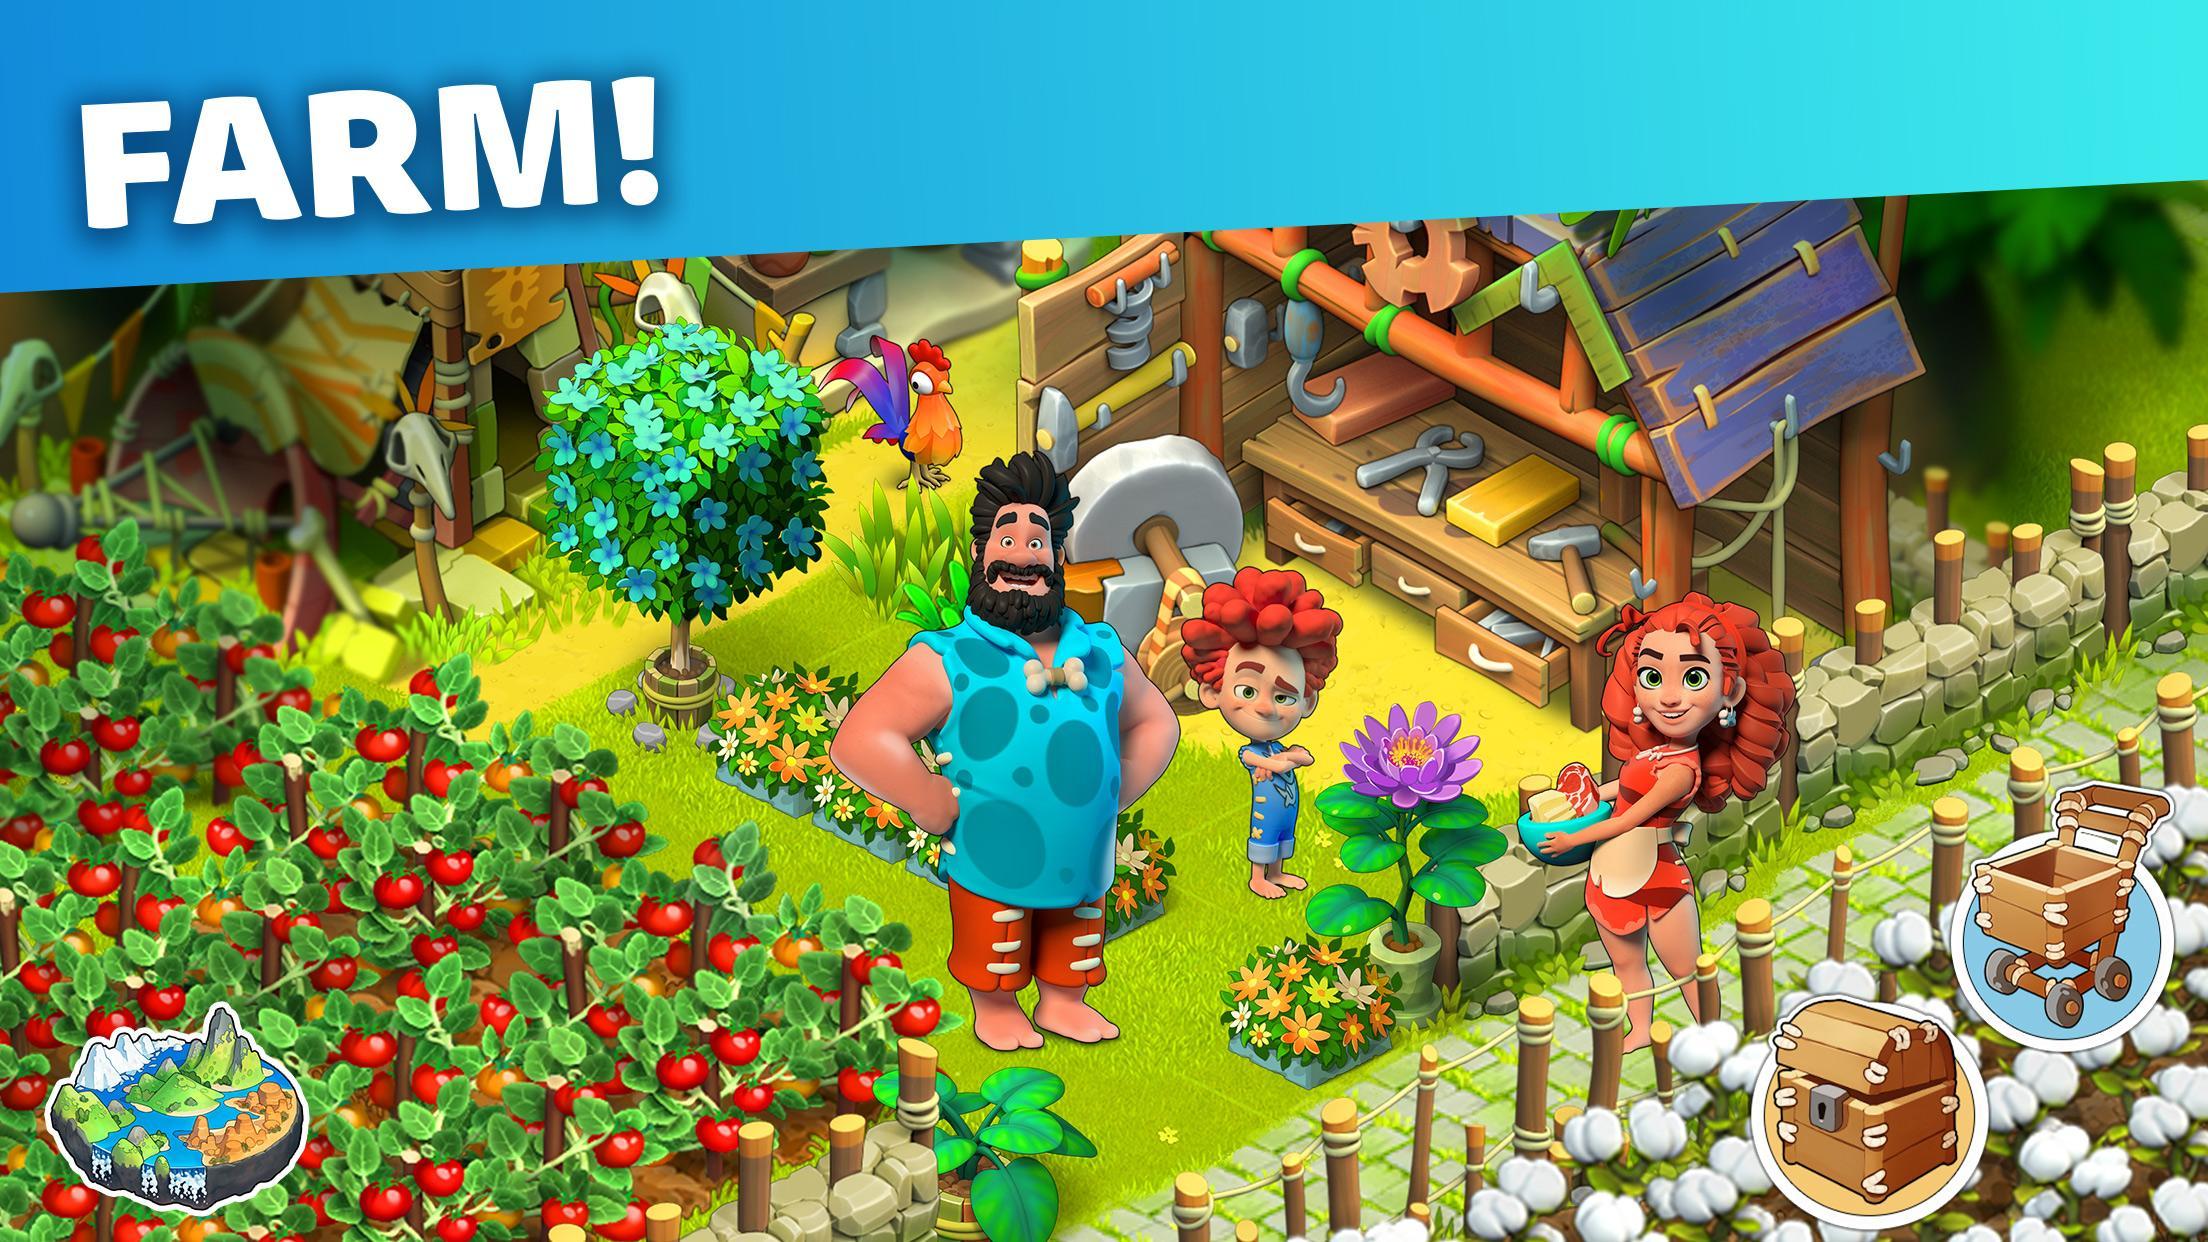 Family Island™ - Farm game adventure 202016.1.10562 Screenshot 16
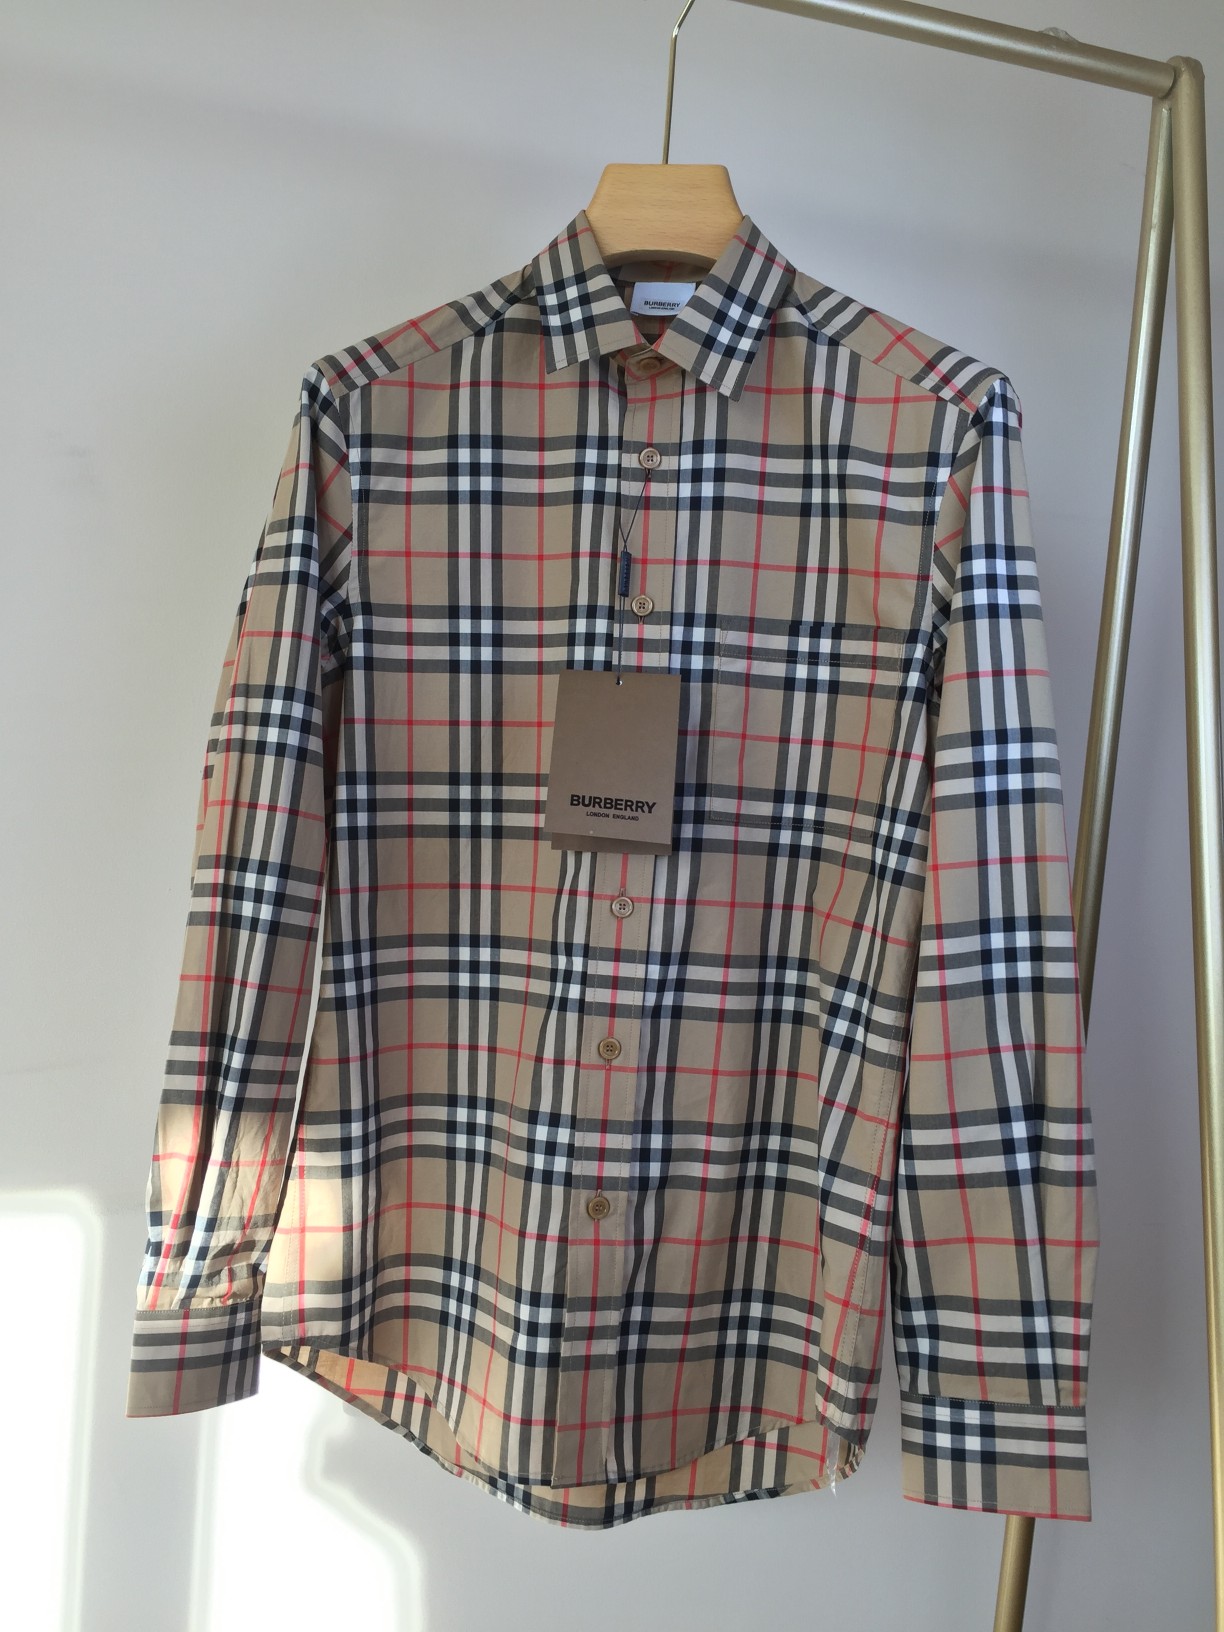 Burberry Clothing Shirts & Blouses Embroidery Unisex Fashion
□ □ □ □ □ □ □
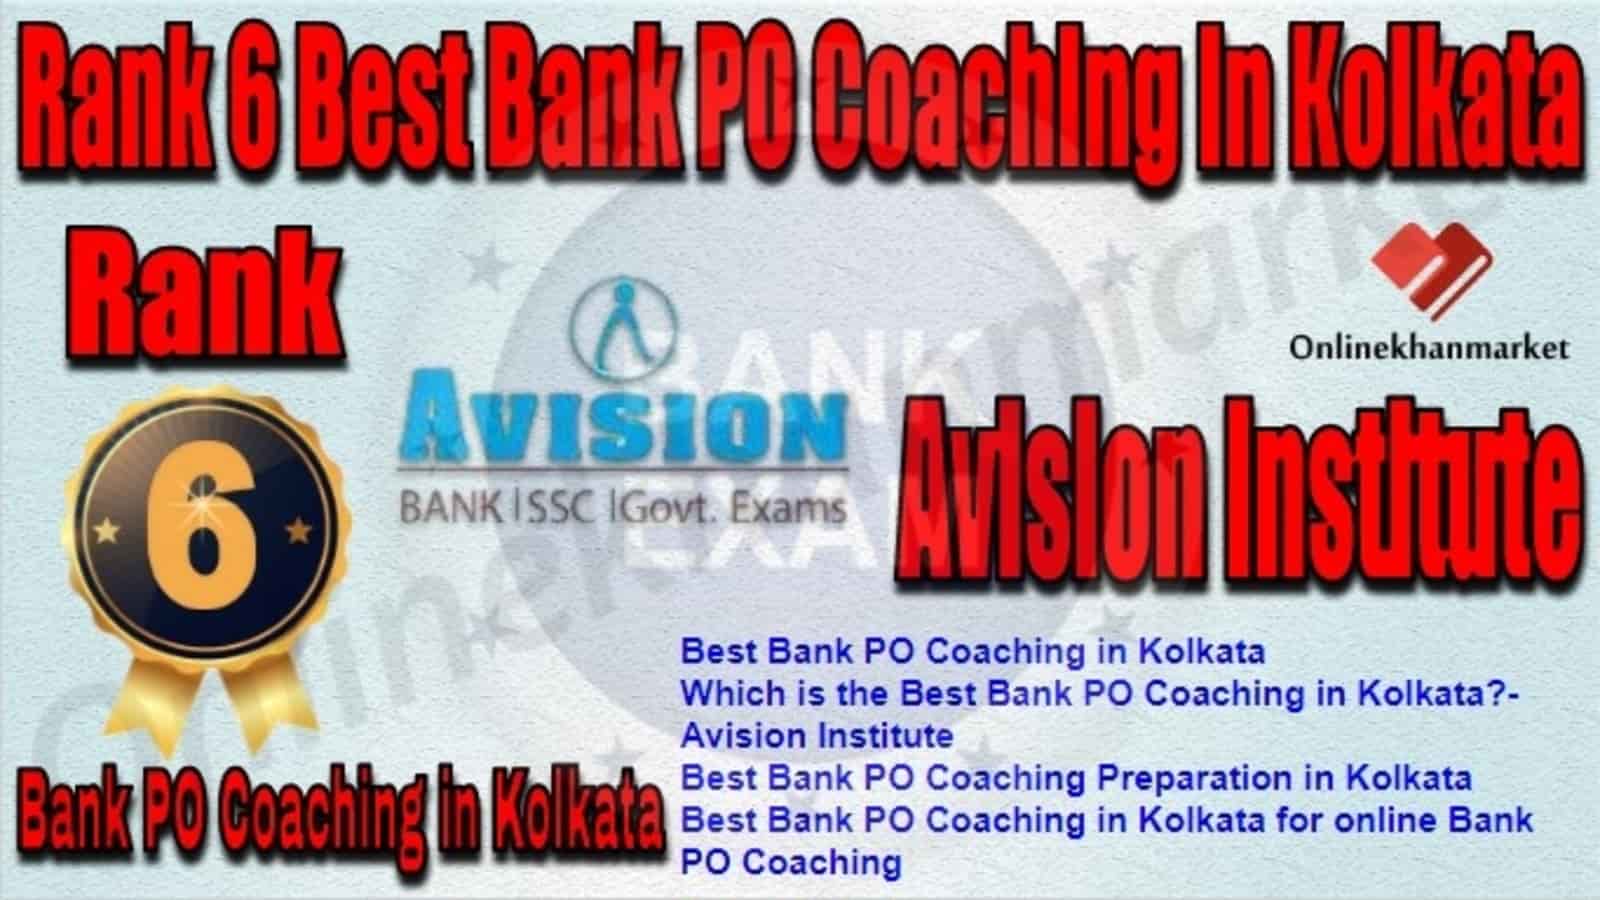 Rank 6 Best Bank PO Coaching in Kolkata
□ □ □ □ □ □ □
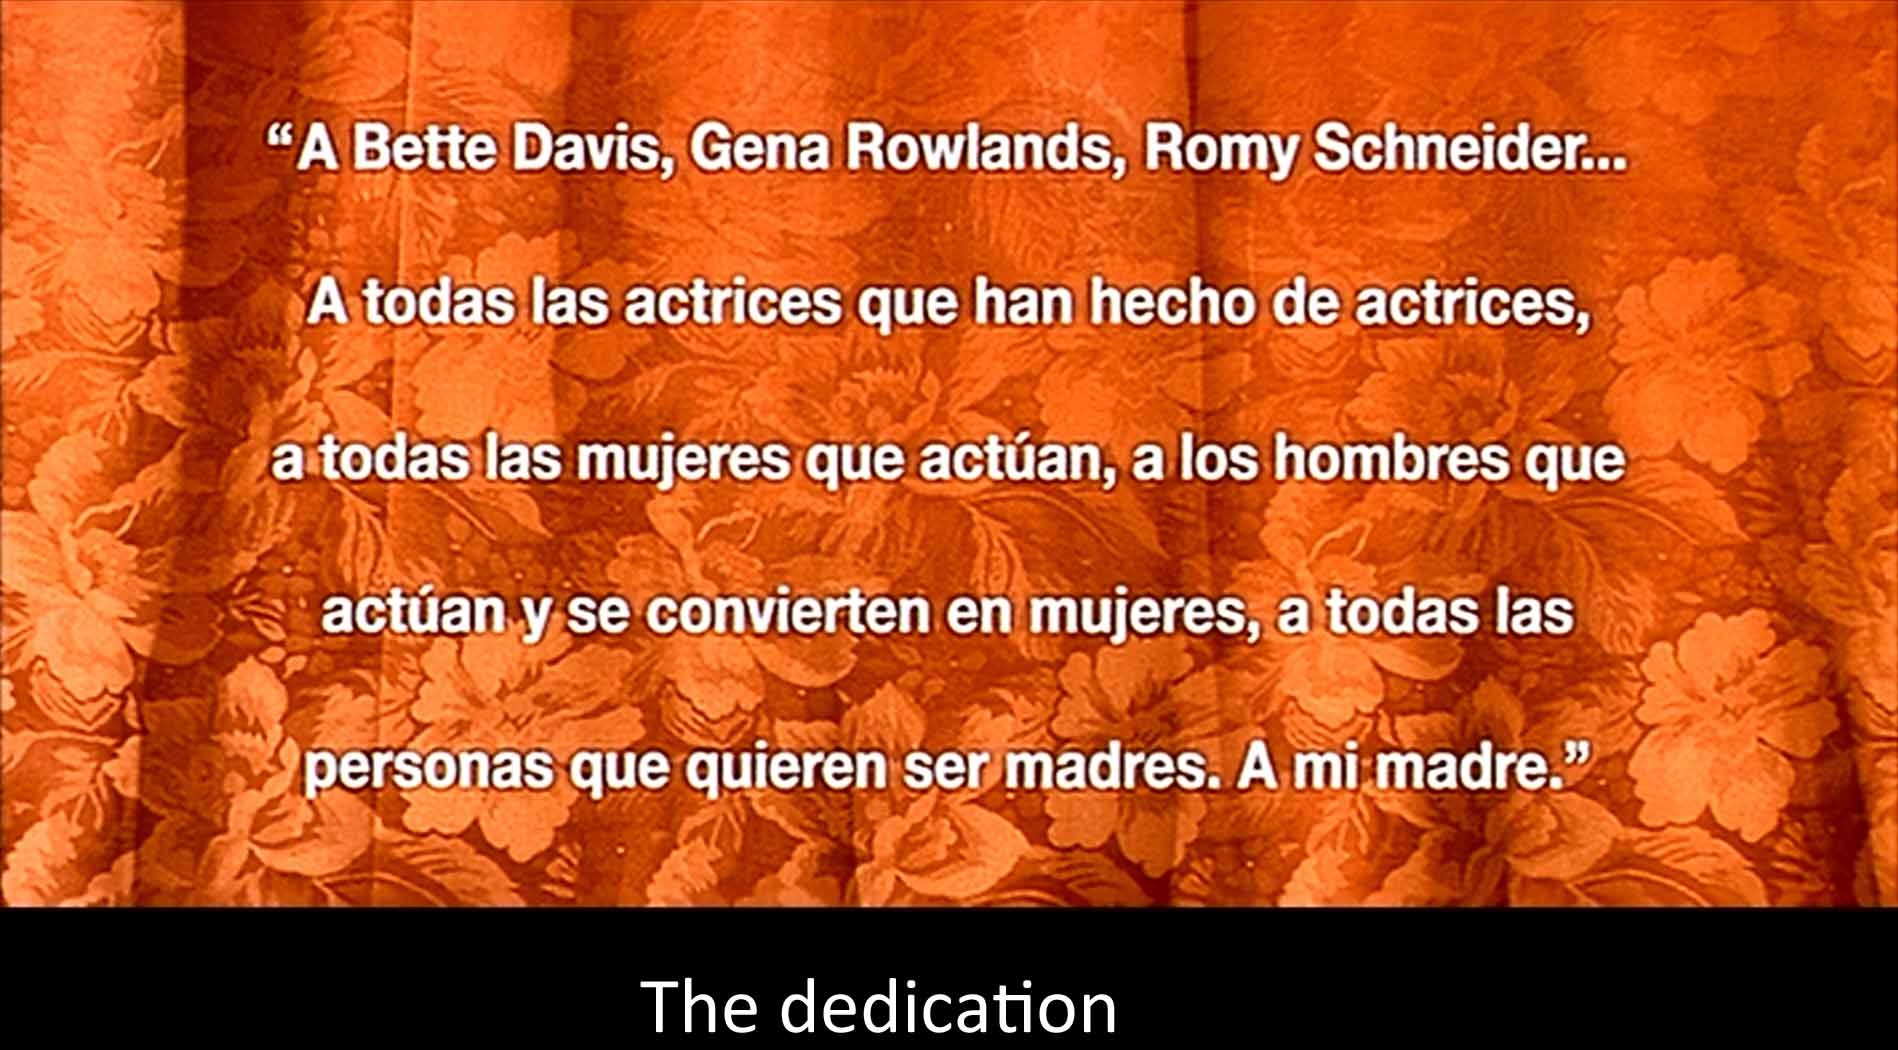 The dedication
□ □ □ □ □ □ □
■ YOUR TASK
Would you give again, exactly, the lines in the data above that run from the line containing "Family Island™ - Farm" to the line containing "Burberry Clothing Shirts"? Include both ends and no pictures.

■ SOLUTION TO THIS TASK
 Family Island™ - Farm game adventure 202016.1.10562 Screenshot 16
 Burberry Clothing Shirts & Blouses Embroidery Unisex Fashion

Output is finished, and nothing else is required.